In the entries that follow, find the line containing "Small Backpack |" and the line containing "World Famous 22", then copy exactly everything from the first through the second except the pictures.

→ STORED DATA
:::

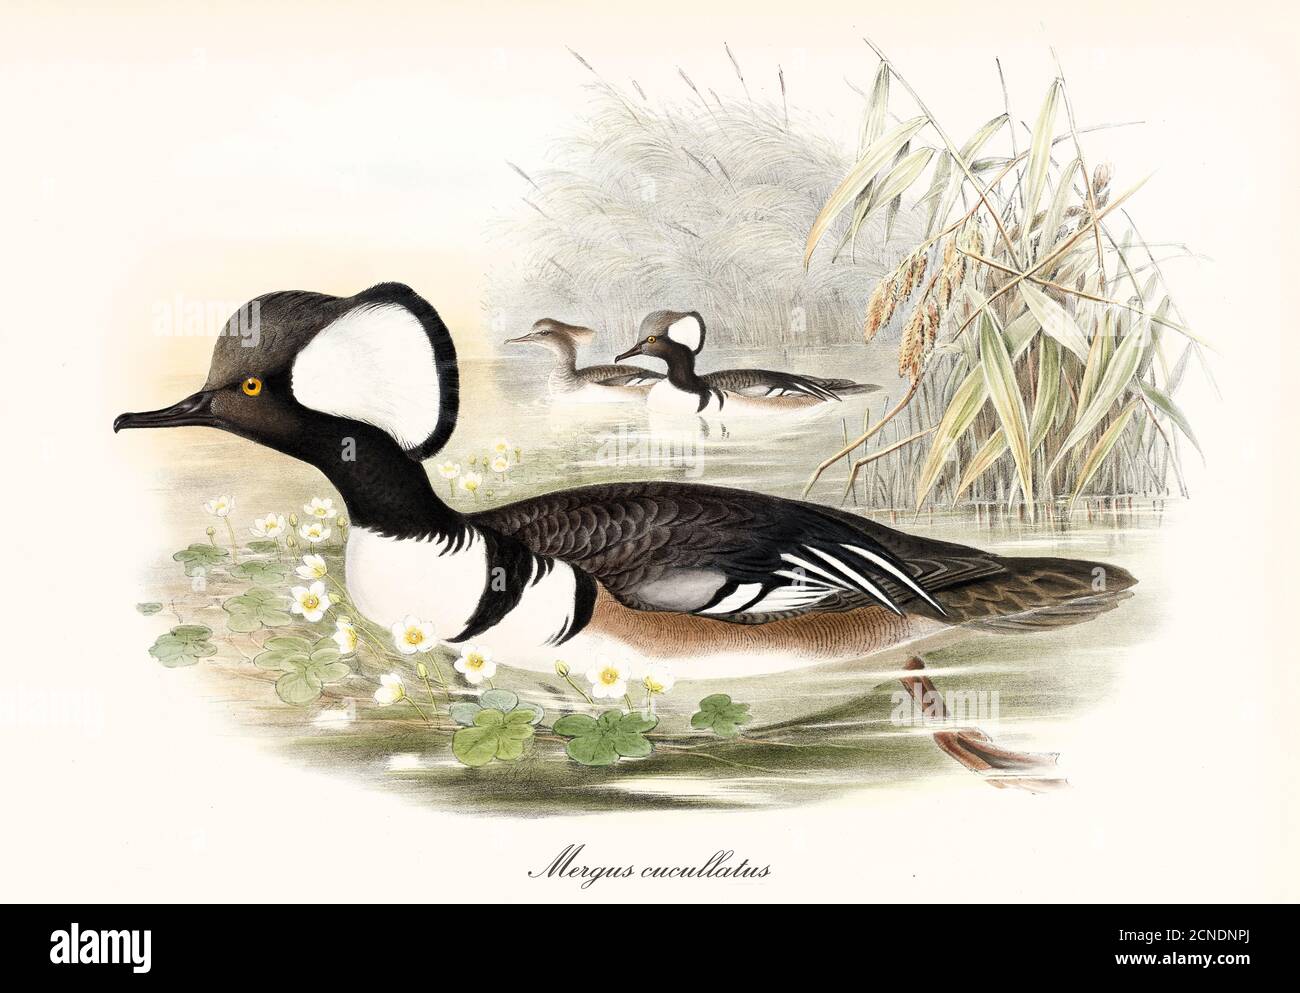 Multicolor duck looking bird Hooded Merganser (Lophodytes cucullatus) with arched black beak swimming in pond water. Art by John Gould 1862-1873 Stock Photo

:::

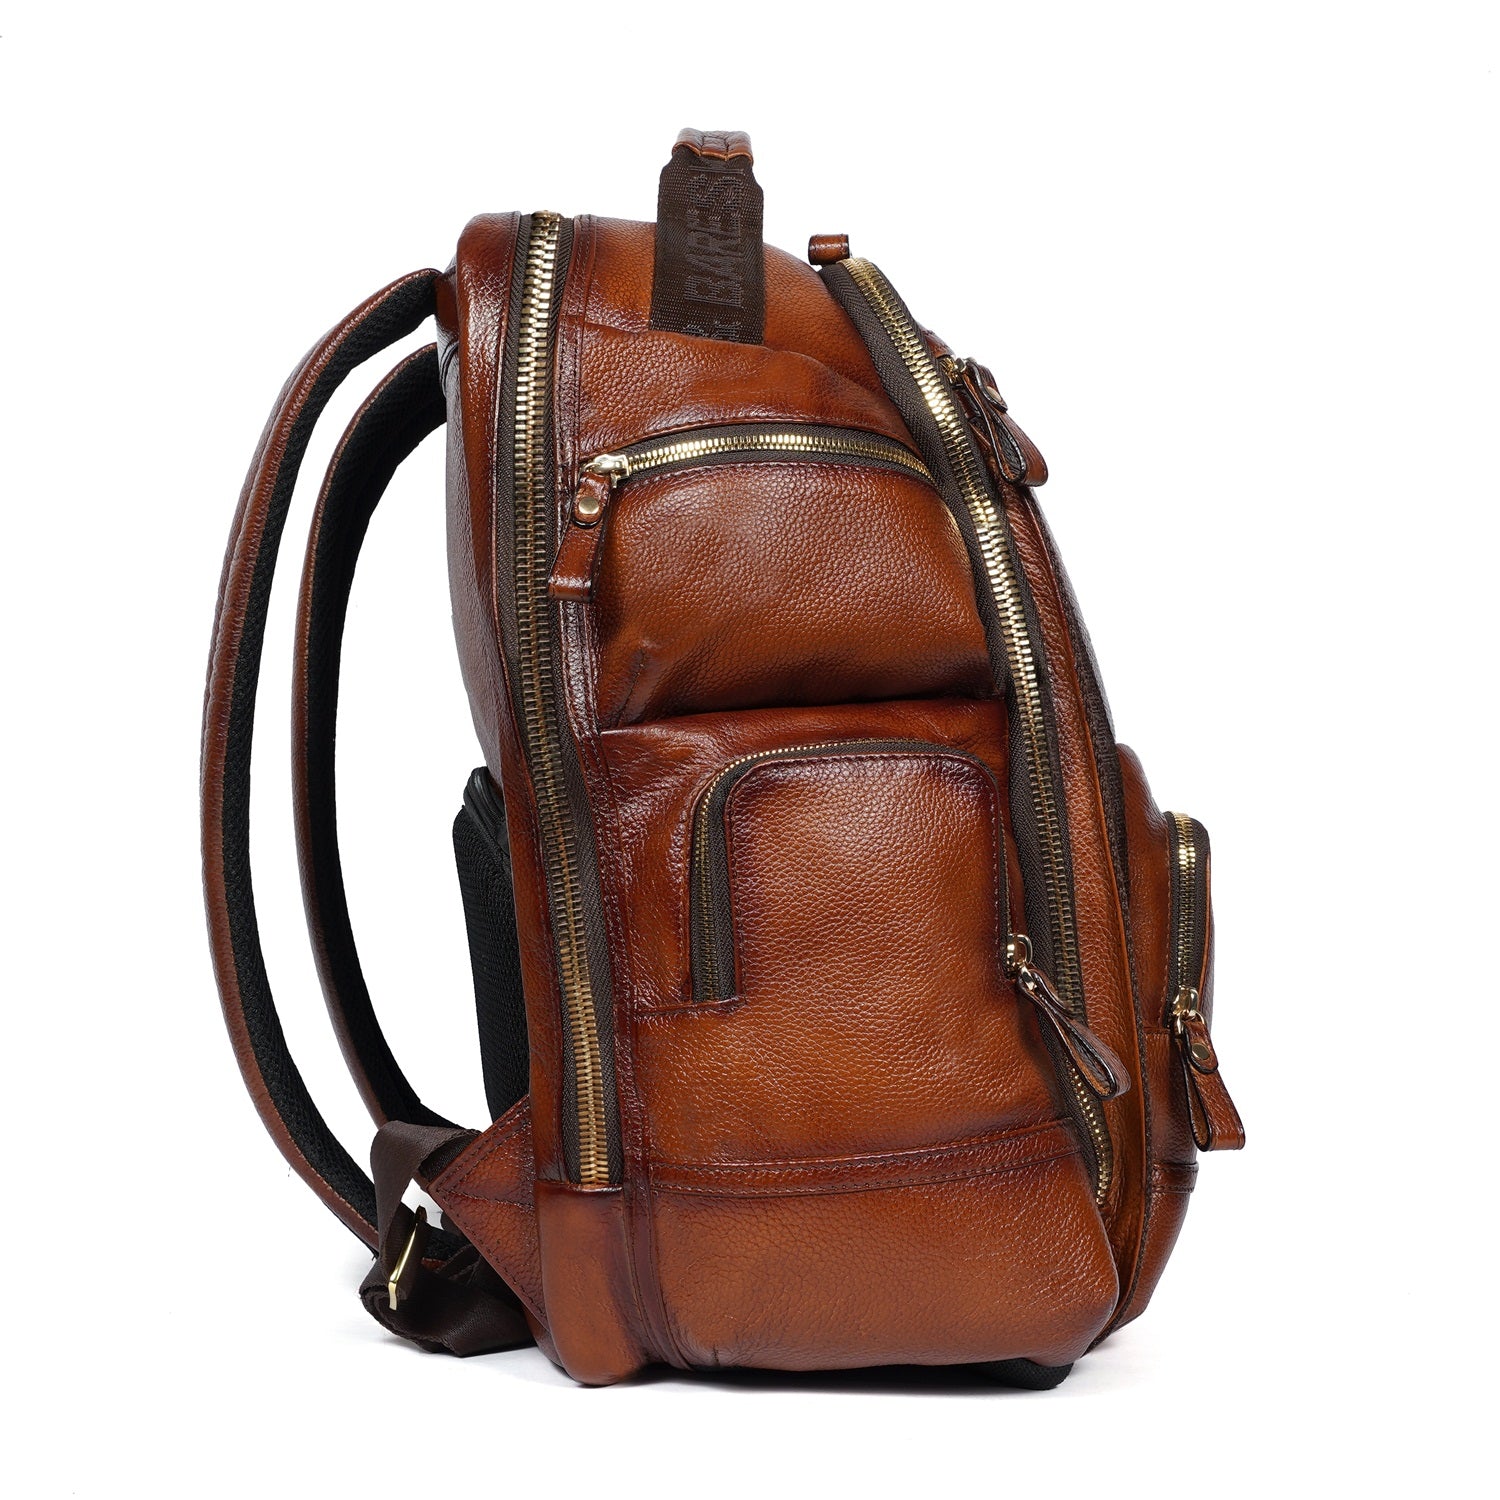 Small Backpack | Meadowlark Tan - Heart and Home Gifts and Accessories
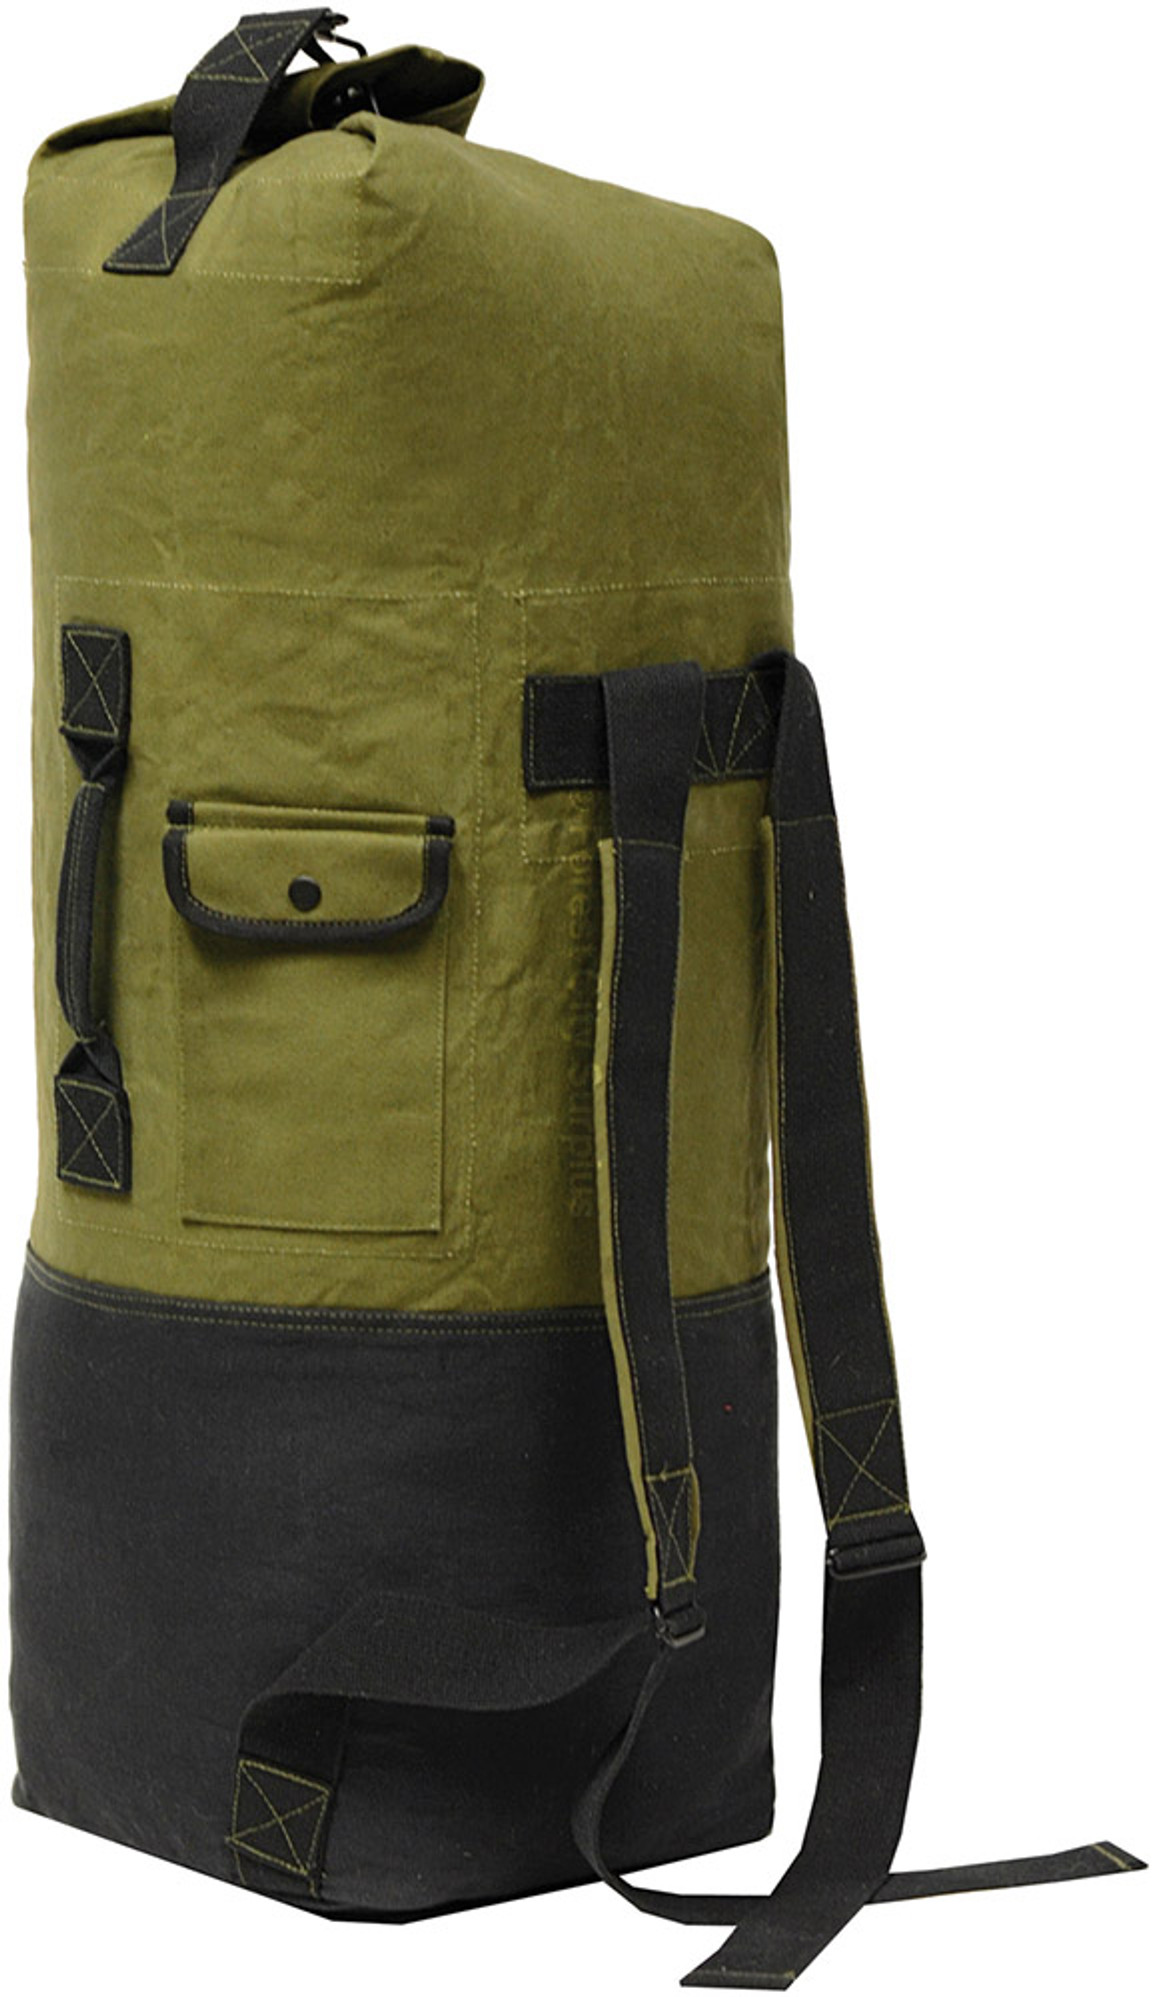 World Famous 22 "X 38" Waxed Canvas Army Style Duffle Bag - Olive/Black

:::

→ TASK ANSWER
 Small Backpack | Meadowlark Tan - Heart and Home Gifts and Accessories
 World Famous 22 "X 38" Waxed Canvas Army Style Duffle Bag - Olive/Black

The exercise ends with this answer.